The purpose of each object within the
system is as follows:
- The “Main (GIU)” object is where execution
begins. It controls the user interface (the GUI), and is where most of the other
objects are created.
- The “Menu Buttons” object controls what
text is put onto the buttons on the menu. It is also in charge of making buttons
visible or invisible as appropriate. Whenever the user changes to a different
menu, this object changes the text of the buttons appropriately.
- The “Registry Access” object handles all
calls to read or write data to or from the windows registry.
- The “File Access” object handles all file
accesses. Whenever a file is created, written to, or read from, this object
handles all these operations. A separate instance of this object is used for
each file. This object also takes care of any mutual exclusion constraints
necessary for file access by multiple threads.
- The “Page List” object is a data structure
that maintains all the data about categories and pages read from the page
database.
- The “Config” object maintains all the users
settings. It contains all the methods for saving and loading the settings from
the ini file.
- The “WinSock” object handles the connection
to the Internet, and the downloading of information from remote
servers.
- The “Page Getter” object handles the
downloading of a chosen page and all it’s sub-pages. An instance of this
object is created concurrently for each site to be downloaded.
- The “Parser” object takes the downloaded
file and converts it to plain text for inclusion in the newspaper. One instance
of the parser is used for each page
downloaded.
The diagram shows
where there are multiple instances of certain objects by indicating how many
instances there are in the top left hand corner the object. So, for example,
there is an instance of the “File Access” object inside “Main
(GUI)” which represents the object dealing with the contents page of the
newspaper. There is another instance of this object that is shared between
“Main (GUI)” and “Page Getter” that represents the
object dealing with the log file. The other two instances are within “Page
Getter” – which may itself have many instances – and represent
the objects dealing with the downloaded page and the parsed
page.
Figure
4.5a – Object Diagram
A class diagram shows the classes from which the
objects within the system are created, and the relationships between the
classes.

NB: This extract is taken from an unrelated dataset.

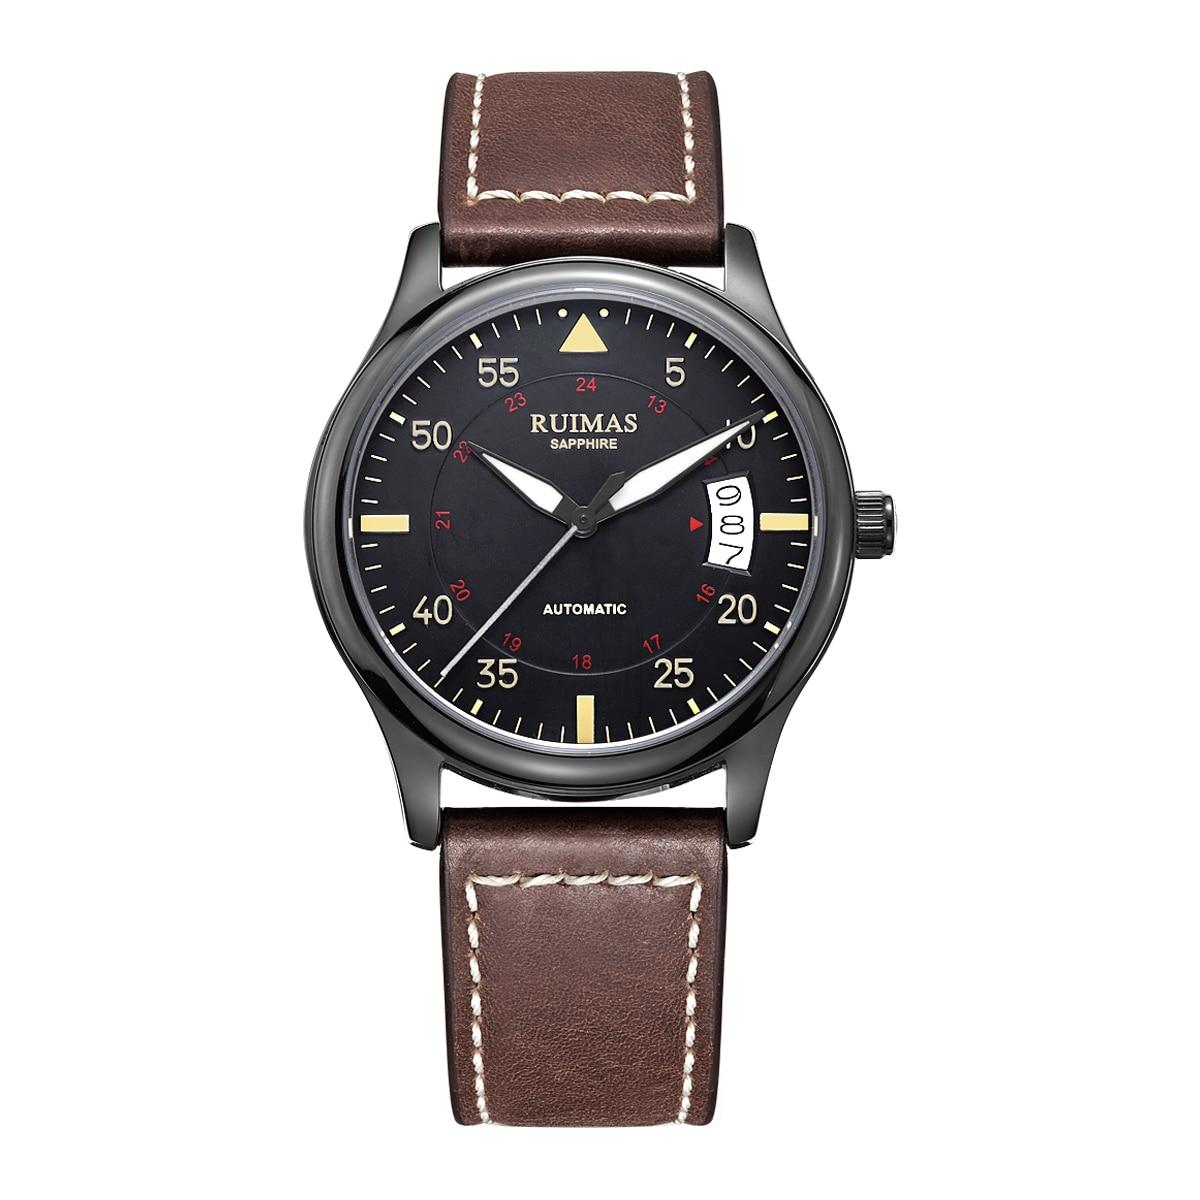 Ruimas Top marque montres hommes automatique mécanique montre-bracelet de luxe hommes cadeaux calendrier affichage bracelet en cuir horloge 6725

The class diagram for the system is shown in figure 4.5b. The class
diagram helps to indicate the structure of the code to be developed, and is more
representative of how it can be implemented. In this diagram each class is shown
only once, but the aggregation shown indicates the number of classes that are
likely to be owned by another class. These indicate the classes that go to make
up another class. Aggregation is shown as a diamond at one end (the
“owner” end) of the arrow connecting classes. There are no inherited
classes in this system.
Figure
4.5b – Class Diagram
4.6. State
Charts
UML state charts are an extended
version of FSM (Finite State Machines) notation. They add modular, hierarchical
elements, to make the state charts easier to understand for complex systems, and
to prevent the state charts getting too
large.
The state charts for the system are
shown in figures 4.6a – 4.6f.
In these
diagrams, the states are shown as rounded rectangles, and the transitions are
shown as lines between the states. The event that triggers the transition is
shown next to each transition. Where text is enclosed in square brackets it is a
condition that must be satisfied for the transition to be activated. The lozenge
symbol is used to indicate that the transition could follow more than one path
depending on the conditions of the transitions. When a transition points to a
state which has sub-states within it, execution within the state begins at the
starting state indicated by a filled black circle. Where concurrency is shown in
a state chart, a dotted line is used to separate threads of control that should
run concurrently. A thread ends when the termination symbol is reached. The
termination symbol is a filled black circle surrounded by an unfilled
circle.
Descriptions of what the system is
doing while it is in each of the states, as well as any actions it performs on
entry or exit of a state are shown below each
diagram.
The state charts tie in loosely with the
classes defined in the class diagram (figure 4.5b), but are more concerned with
modelling the operation of the system as a whole independent of the classes that
will be used in implementation. A number of areas have been simplified to cut
down the number of diagrams, and make the system easier to understand. The
states within the parser have been left out because they would have been very
complex. The design of the parser has been covered in section 4.8 of this
report.
Figure
4.6a – Top-level state chart
The state chart in figure 4.6a is the top-level
state chart, and it describes the operation of the whole system, but does not
provide much detail. It consists of four states, three of which are broken down
further in the following diagrams.
Figure
4.6b shows a breakdown of state A from figure 4.6a.
Figure
4.6b – Breakdown of state A
Figure 4.6b defines the operation of the system
while it is in the “Main (GUI)” state. State A7 breaks down further
in figure 4.6
Figure 4.6c shows a breakdown of
state C from figure 4.6a.
Figure
4.6c – Breakdown of state C
Figure 4.6c defines the operation of the system
while it is in the “Get Pages” state. State C2 breaks down further
in figure 4.6f.
Figure 4.6d shows a breakdown
of state D from figure 4.6a and 4.6e.
Figure
4.6d – Breakdown of state D
Figure 4.6d defines the operation of the system
while it is in the “Registry Update”
state.
Figure 4.6e shows a breakdown of state A7
from figure 4.6b.
Figure
4.6e – Breakdown of state A7
Figure 4.6e defines the operation of the system
while it is in the “Getting Categories”
state.
Figure 4.6f shows a breakdown of state C2
from figure 4.6c.
Figure
4.6f – Breakdown of state C2
Figure 4.6f defines the operation of the system
while it is in the “Download”
state.
4.7. GUI
Design
It was decided to make the user
interface as simple as possible. It uses a single window with 10 buttons on it.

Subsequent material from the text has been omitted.